Opinions of married women about potential causes and triggers of intimate partner violence against women. A cross-sectional investigation in an Iranian city

Hamzeh, Behrooz; Farshi, Mirtaghi Garousi; Laflamme, Lucie
January 2008
BMC Public Health;2008, Vol. 8 Issue 1, p209
Academic Journal
Background: Population-based perception studies on potential causes and triggers of intimate partner violence against women (IPVAW) may enlighten context-relevant primary preventive actions in settings where data are limited. This study, conducted in one specific city, deals with married women's opinions concerning potential causes and triggers of IPVAW and seeks to highlight areas of consensus and divergence in the views. Methods: A convenient sample of women aged 25-45 years and married for at least 5 years was consecutively recruited in the 48 public health centres of Kermanshah city, where free health services are provided to mothers and children under 6 years old. Respondents were individually interviewed on site by trained and experienced female interviewers (response rate 94.3%). A structured pilot-tested questionnaire was used that consisted mainly of closed questions about individual assessment of the extent to which various items could be regarded as a potential cause, a potential trigger or a potential consequence of IPVAW. Individual item frequencies were compiled and the association between socio-demographic attributes of the spouses and also respondents' prior exposure to violence and women answers was explored. Results: For most factors covered, women mainly "agreed" or "agreed very much" about their potential as a trigger or a cause of IPVAW; agreements were stronger for individual-related potential causes. Generally, women's socio-demographic characteristics and prior victimisation did not much affect the opinions they expressed. For some triggers however, women's own occupation and their husband's educational level affected how much in agreement they were.
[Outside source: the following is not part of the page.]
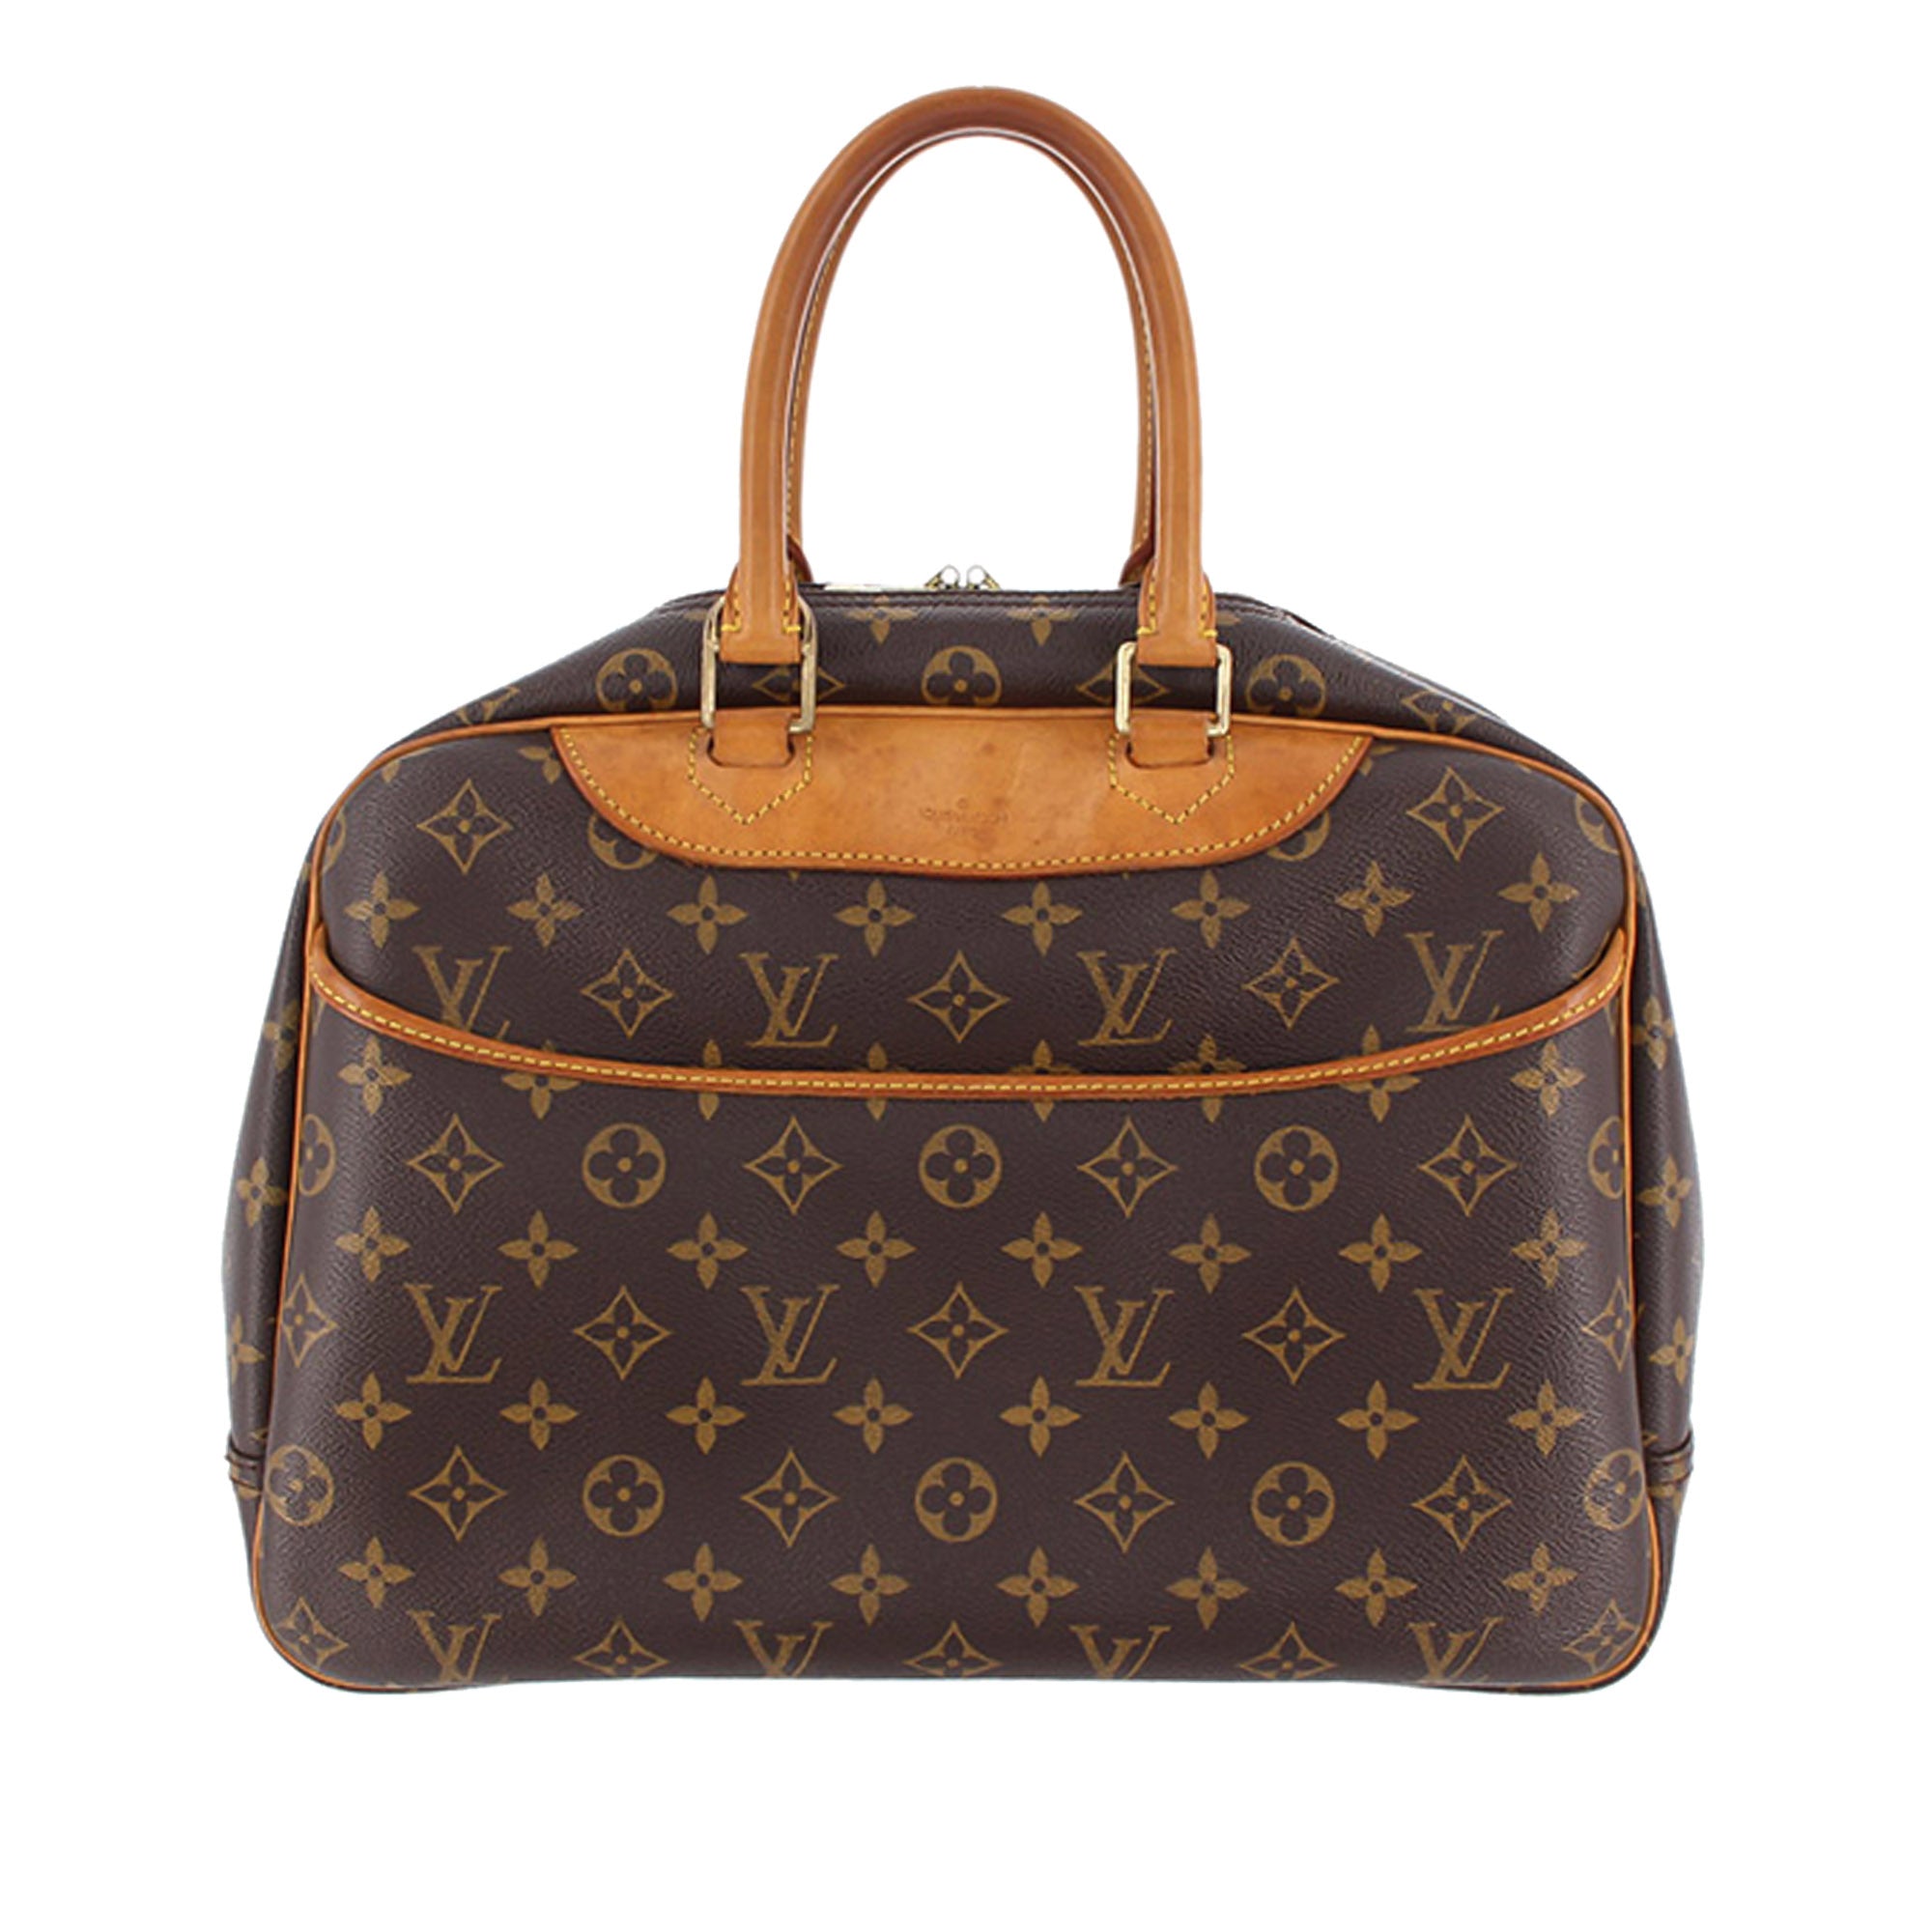 Louis Vuitton Leather Exterior Gold Bags & Handbags for Women

Conclusion: The women interviewed consider that most potential causes and triggers proposed may, at some point in a relationship, engender IPVAW. In the main, their views are not much altered by their own and their husbands' socioeconomic position or their prior victimisation. It remains to be seen whether married men and, for that matter, even women married for a shorter duration or from other settings will answer in a similar manner.